• _Work request_
Please reproduce the listing word for word. Pictures stay out.

*** Opening of Stored data ***

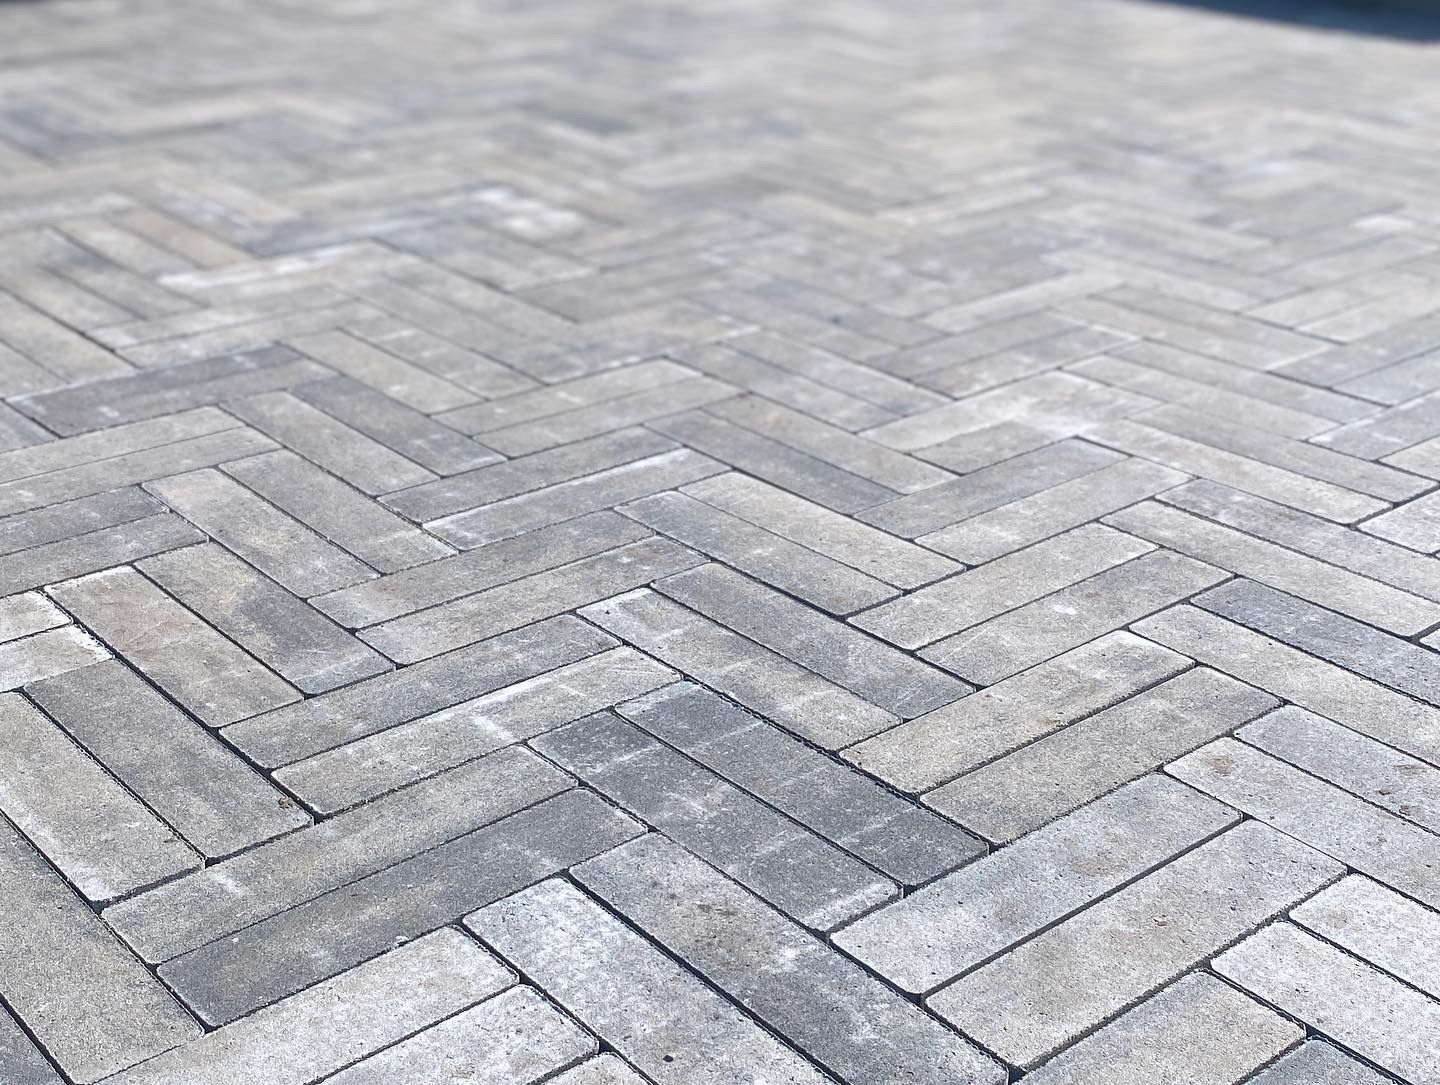 a close up of a brick pavement with a herringbone pattern
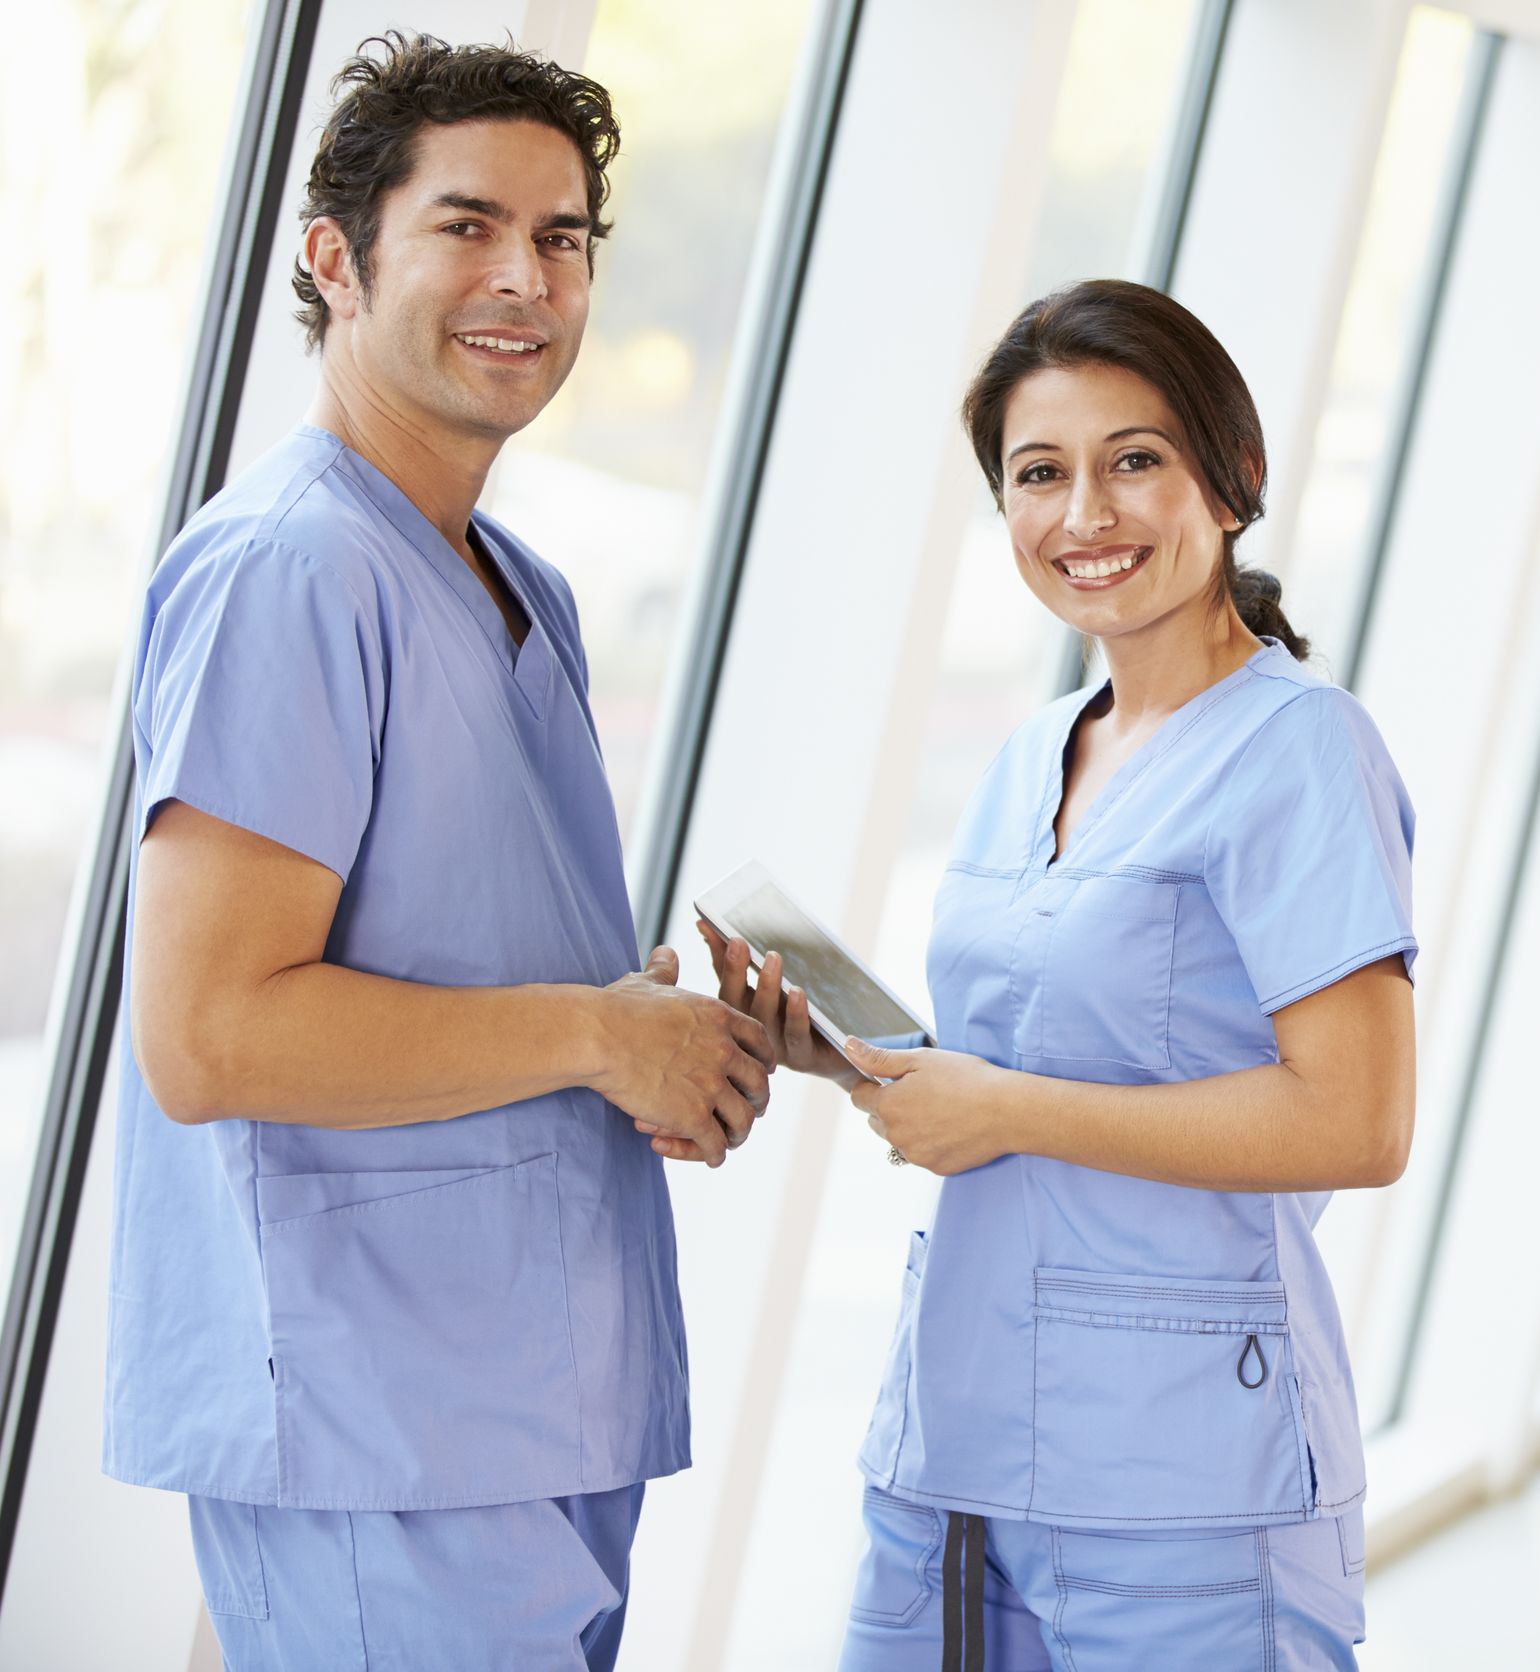 smiling doctors in scrubs
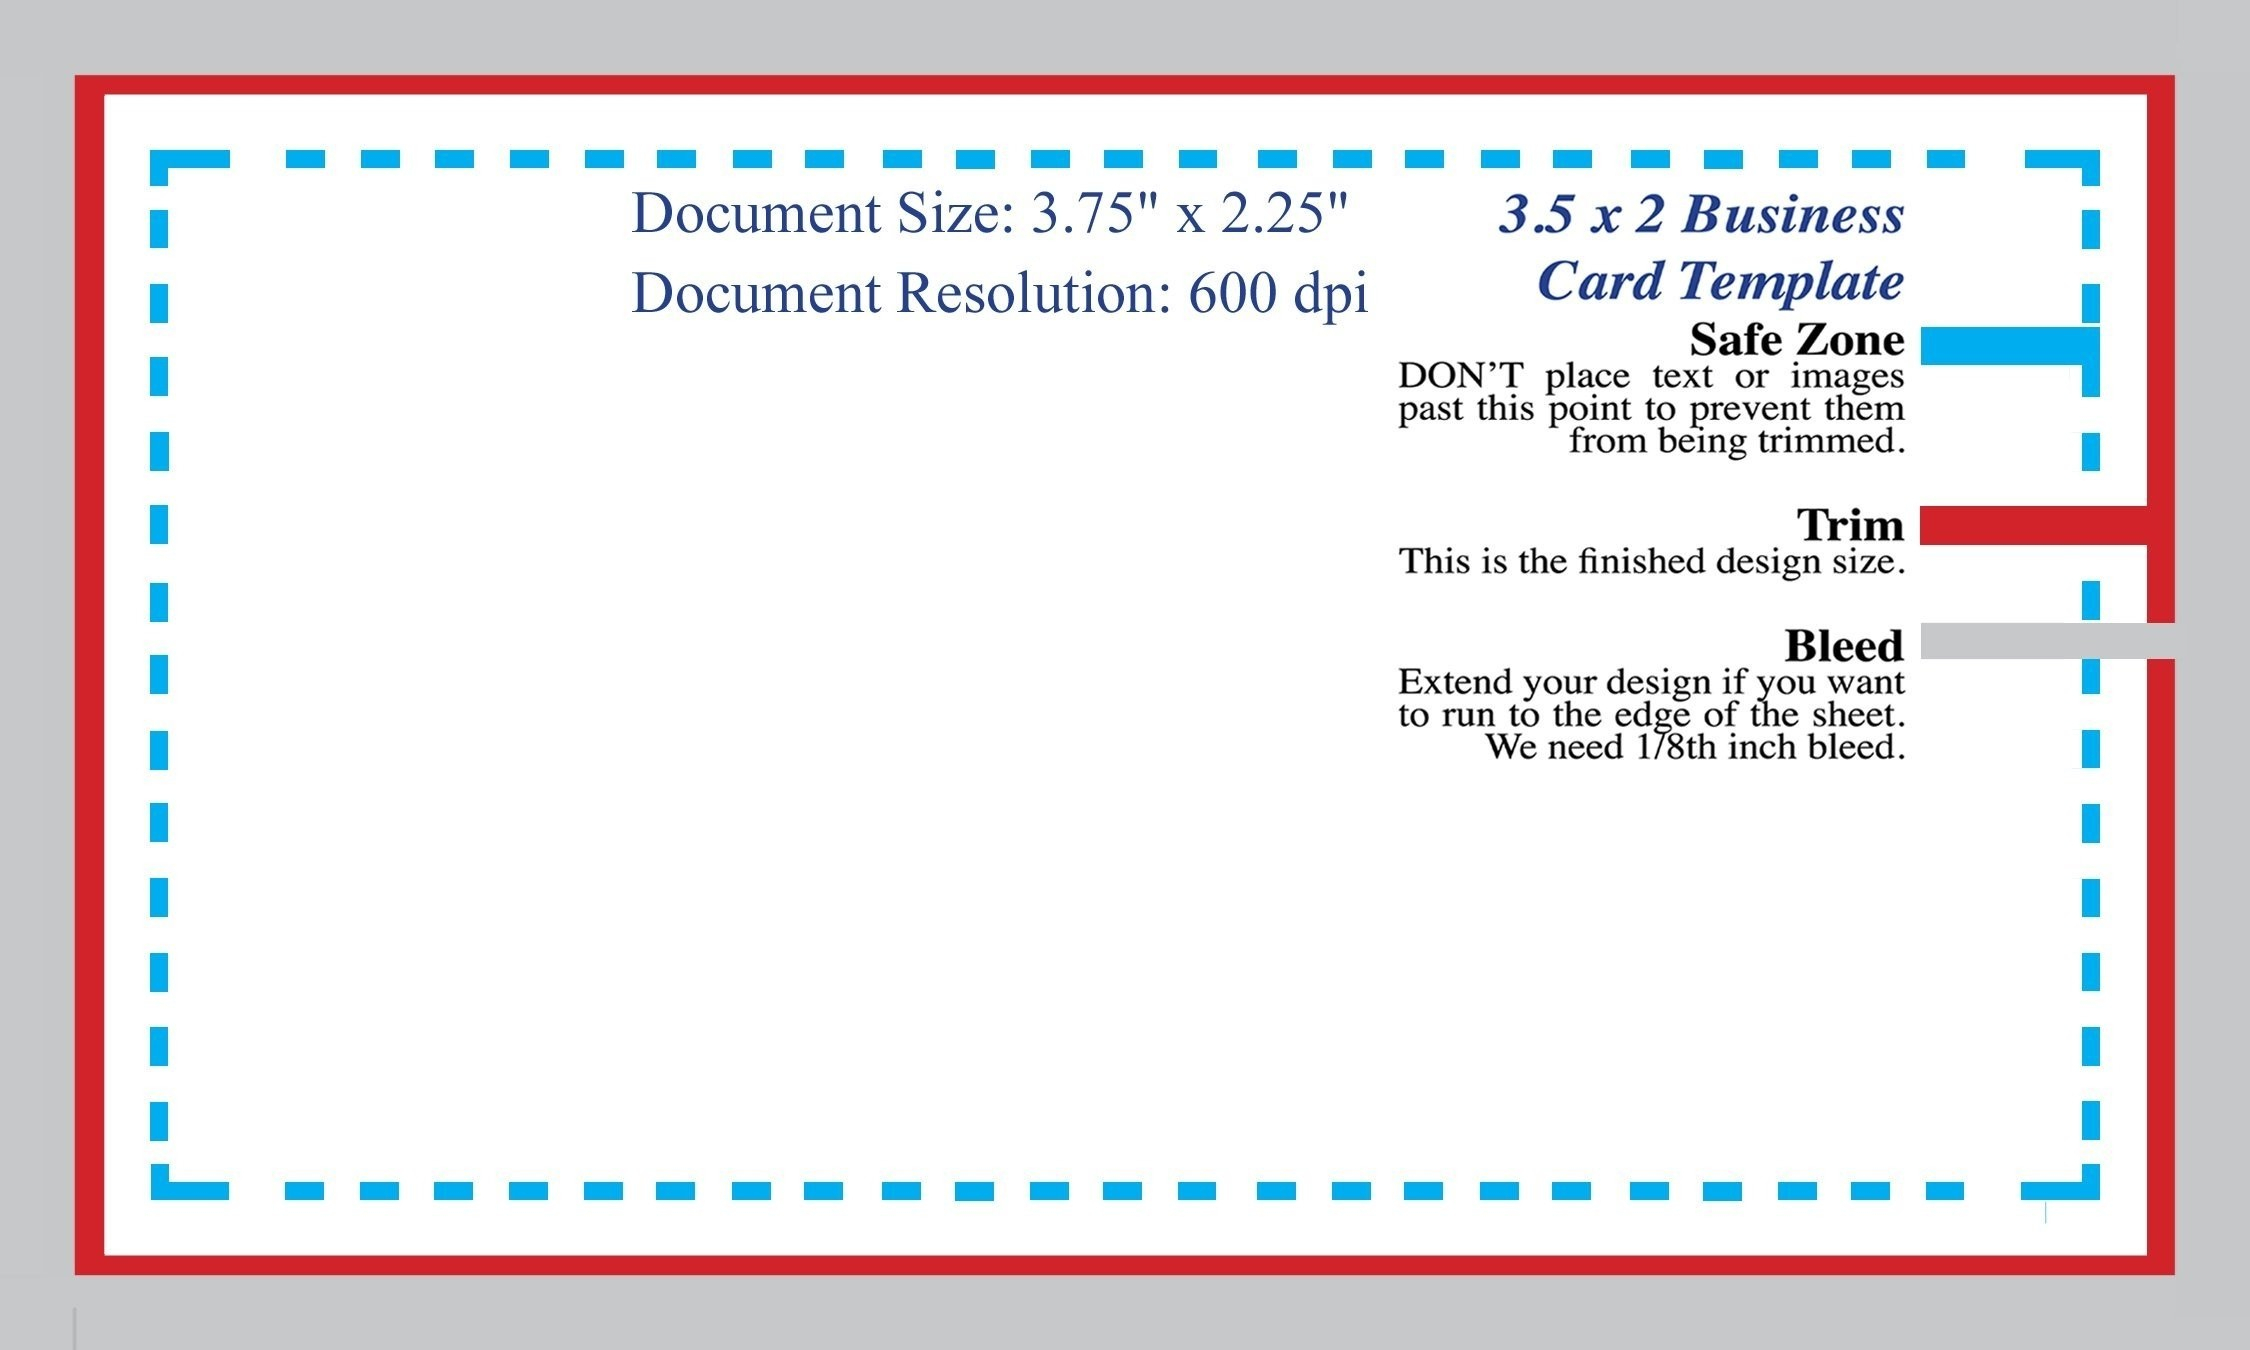 Business Card Template In Photoshop Regarding Business Card Template Size Photoshop
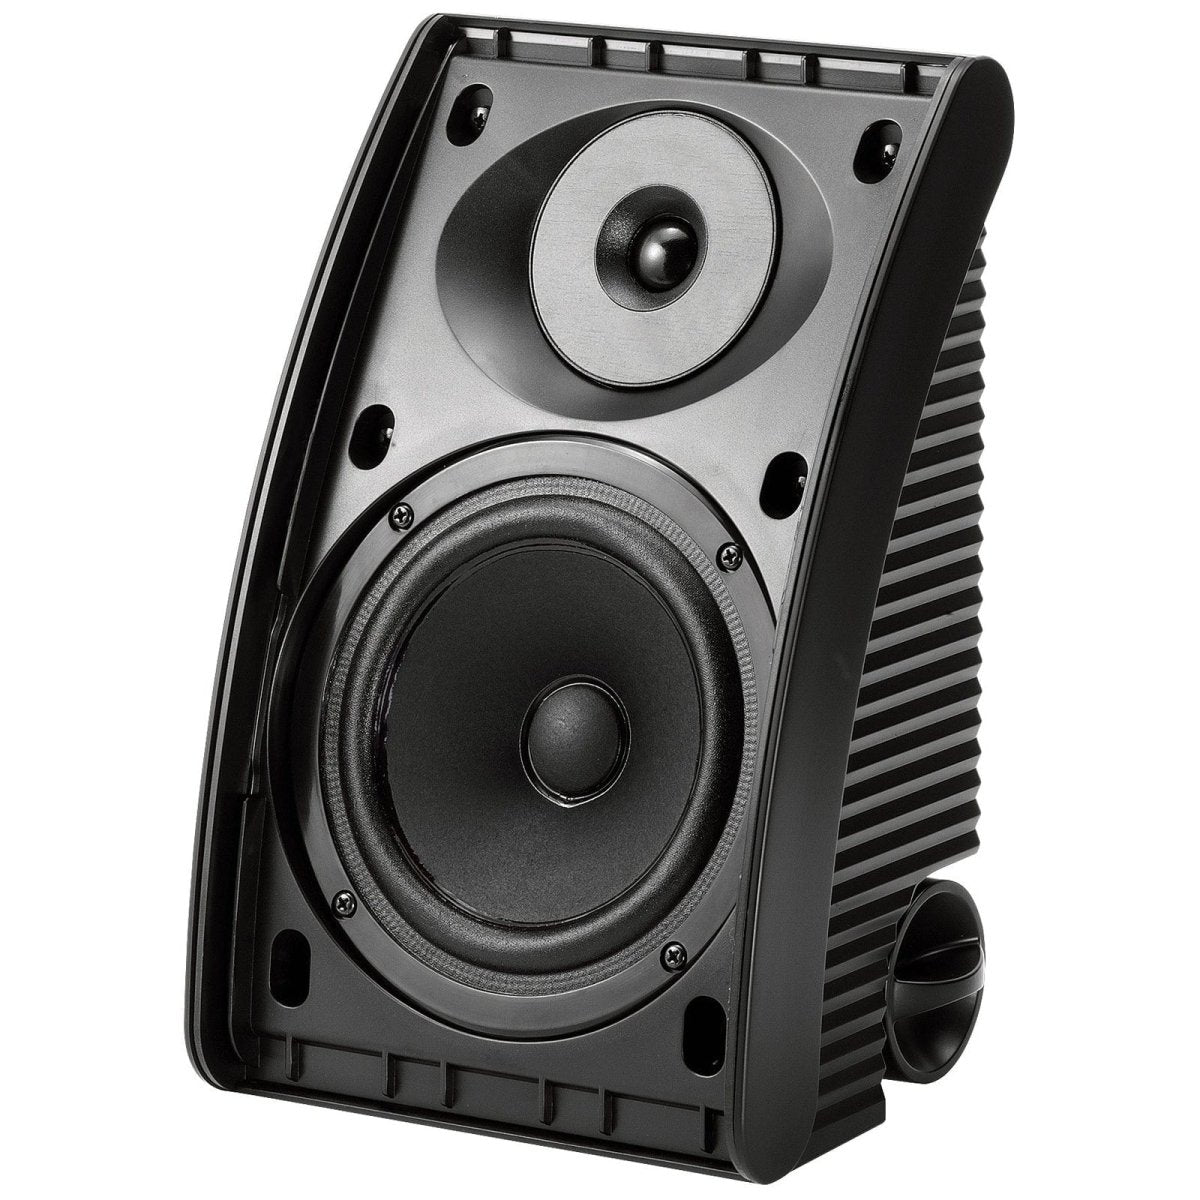 Yamaha NSAW392 120W All Weather Speakers (Pair) - Black - Atlantic Electrics

*** Close of Stored data ***

• _Answer section_
 a close up of a brick pavement with a herringbone pattern
 smiling doctors in scrubs
 Business Card Template In Photoshop Regarding Business Card Template Size Photoshop
 Yamaha NSAW392 120W All Weather Speakers (Pair) - Black - Atlantic Electrics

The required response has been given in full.